Metadata-Version: 2.4
Name: cogflow
Version: 2.0.1b1
Summary: COGFlow — modular machine learning workflow management system
Author-email: Sai Kireeti <sai.kireeti@hiro-microdatacenters.nl>
License-Expression: MIT
Project-URL: Homepage, https://github.com/HIRO-MicroDataCenters-BV/cogflow
Project-URL: Issues, https://github.com/HIRO-MicroDataCenters-BV/cogflow/issues
Project-URL: Documentation, https://hiro-microdatacenters-bv.github.io/cogflow
Keywords: ml,workflow,kfp,federated-learning,cogflow,mlops
Classifier: Programming Language :: Python :: 3
Classifier: Operating System :: OS Independent
Classifier: Intended Audience :: Developers
Classifier: Topic :: Scientific/Engineering :: Artificial Intelligence
Classifier: Topic :: Software Development :: Libraries :: Python Modules
Requires-Python: >=3.10
Description-Content-Type: text/markdown
License-File: LICENSE.md
Requires-Dist: mlflow==2.22.0
Requires-Dist: kfp==1.8.22
Requires-Dist: pyyaml<7,>=6.0.2
Requires-Dist: pydantic<2.0.0
Requires-Dist: scikit-learn==1.7.0
Requires-Dist: tenacity
Requires-Dist: kubernetes
Requires-Dist: kubernetes_asyncio
Requires-Dist: minio>=7.2.0
Provides-Extra: dev
Requires-Dist: pytest>=7.4.0; extra == "dev"
Requires-Dist: pytest-cov>=4.1.0; extra == "dev"
Requires-Dist: pytest-mock>=3.12.0; extra == "dev"
Requires-Dist: pytest-asyncio>=0.21.0; extra == "dev"
Requires-Dist: coverage; extra == "dev"
Requires-Dist: build; extra == "dev"
Requires-Dist: twine; extra == "dev"
Provides-Extra: docs
Requires-Dist: mkdocs>=1.6.0; extra == "docs"
Requires-Dist: mkdocs-material>=9.4.0; extra == "docs"
Requires-Dist: pdoc3>=0.11.0; extra == "docs"
Dynamic: license-file

# CogFlow

**CogFlow** is a modular, SDK-first machine learning workflow management system
built on **Kubeflow Pipelines**, **MLflow**, **Kubernetes**, and **MinIO**.

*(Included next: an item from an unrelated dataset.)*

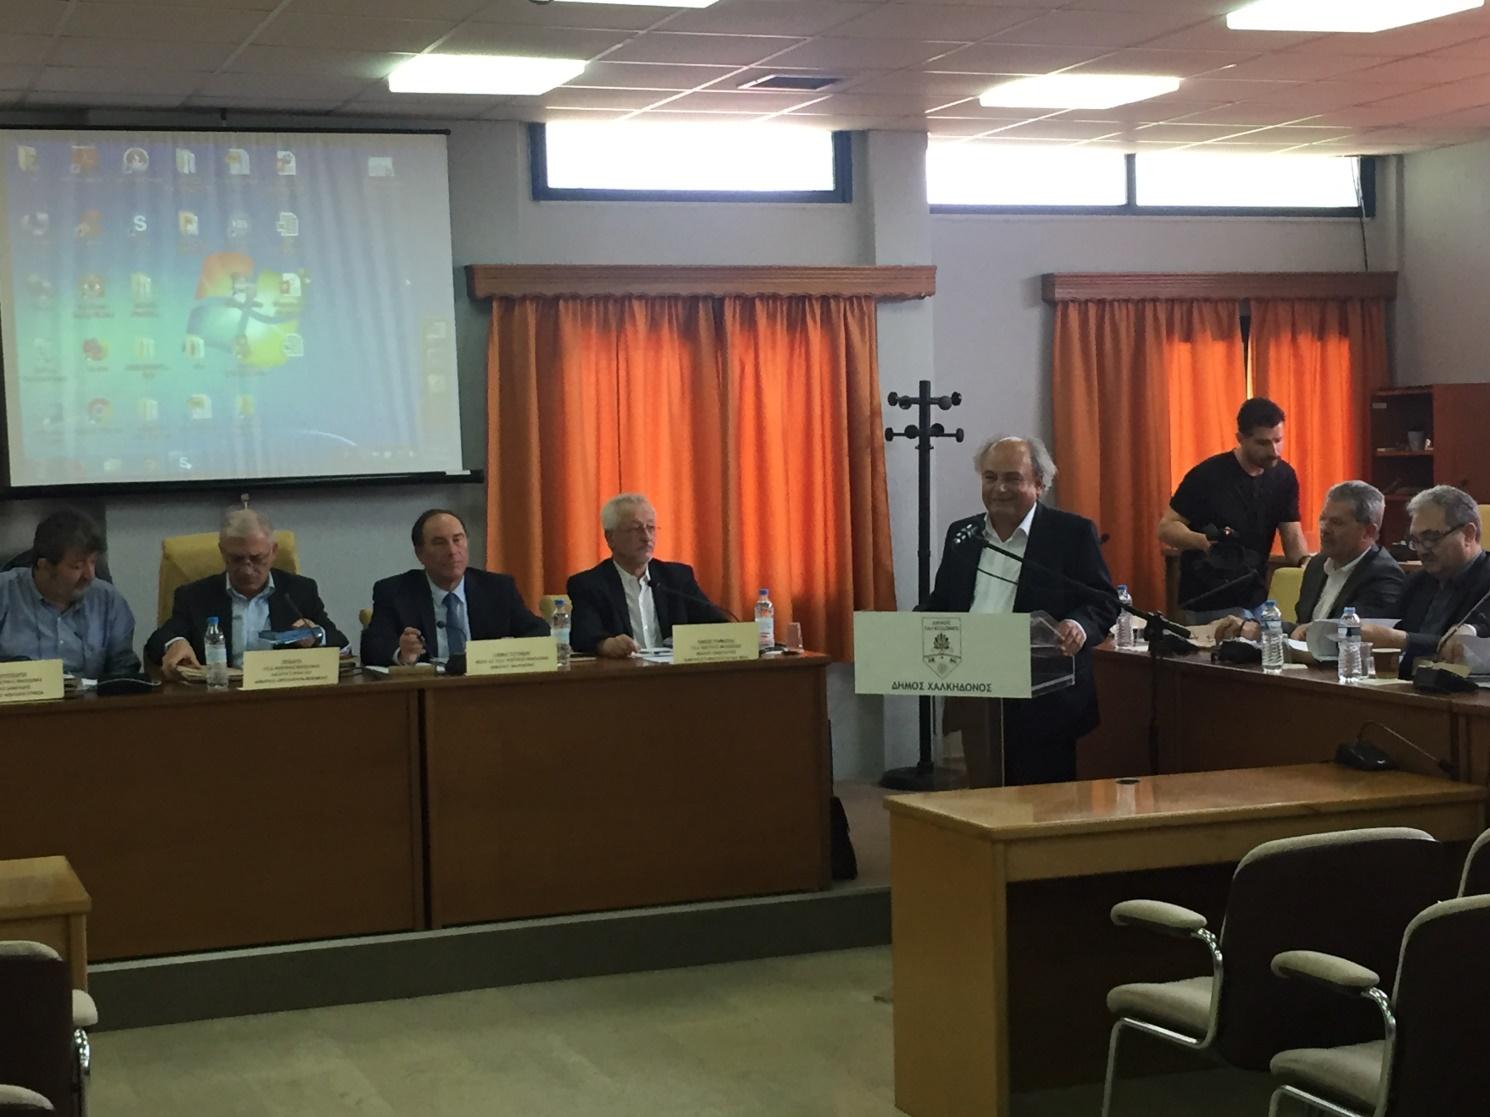 Η Μαθητεία αποφοίτων ΕΠΑ.Λ. στη συνεδρίαση του Διοικητικού Συμβουλίου    της Περιφερειακής Ένωσης Δήμων Κεντρικής Μακεδονίας

It provides a clean Python API for:
- building production-grade ML pipelines
- managing datasets and components
- orchestrating federated learning workflows
- enforcing consistent error handling and validation

CogFlow is designed for **real infrastructure**, not notebooks only.

---

## Why CogFlow?

Modern ML platforms are powerful but fragmented:

- Kubeflow Pipelines → great orchestration, weak ergonomics
- MLflow → experiment tracking, limited workflow control
- Kubernetes → powerful, but verbose and error-prone
- Federated learning → no standard orchestration layer

**CogFlow bridges these gaps** by providing:

- a stable Python SDK
- safe lazy-loading of heavy dependencies
- unified error handling
- infrastructure-aware abstractions
- zero circular imports

---

## Core Features

### 🧩 Pipeline Orchestration
- Lazy-loaded Kubeflow Pipelines client
- Safe pipeline compilation and submission
- Runtime environment injection
- Kubernetes service lifecycle management

### 📦 Component Management
- YAML-based component registry
- MinIO-backed component storage
- Automatic component registration
- Runtime-safe component loading

### 📊 Dataset Management
- Dataset registration and metadata retrieval
- Secure dataset downloads
- Silent deletes with strict error semantics
- Pluggable storage backends

### 🤝 Federated Learning
- Auto-generated FL pipelines
- Dynamic pipeline signatures
- Connector-based and dataspace-based workflows
- Region-aware scheduling with node selectors

### 🧠 Unified Error Handling
- Strongly typed error hierarchy
- Context-aware exception wrapping
- API-ready error serialization
- Zero silent failures

---

## Architecture Overview

CogFlow follows a **layered SDK architecture**:

cogflow/
├── core/
│ ├── pipelines/ # Kubeflow orchestration & FL pipelines
│ ├── datasets/ # Dataset lifecycle management
│ ├── components/ # Component registry & YAML handling
│ └── models/ # (future extension)
│
├── utils/
│ ├── common.py # UUIDs, paths, Kubernetes helpers
│ ├── network.py # HTTP utilities with retry & streaming
│ ├── storage.py # MinIO client abstraction
│ └── exceptions.py # Unified error framework
│
├── config.py
└── api.py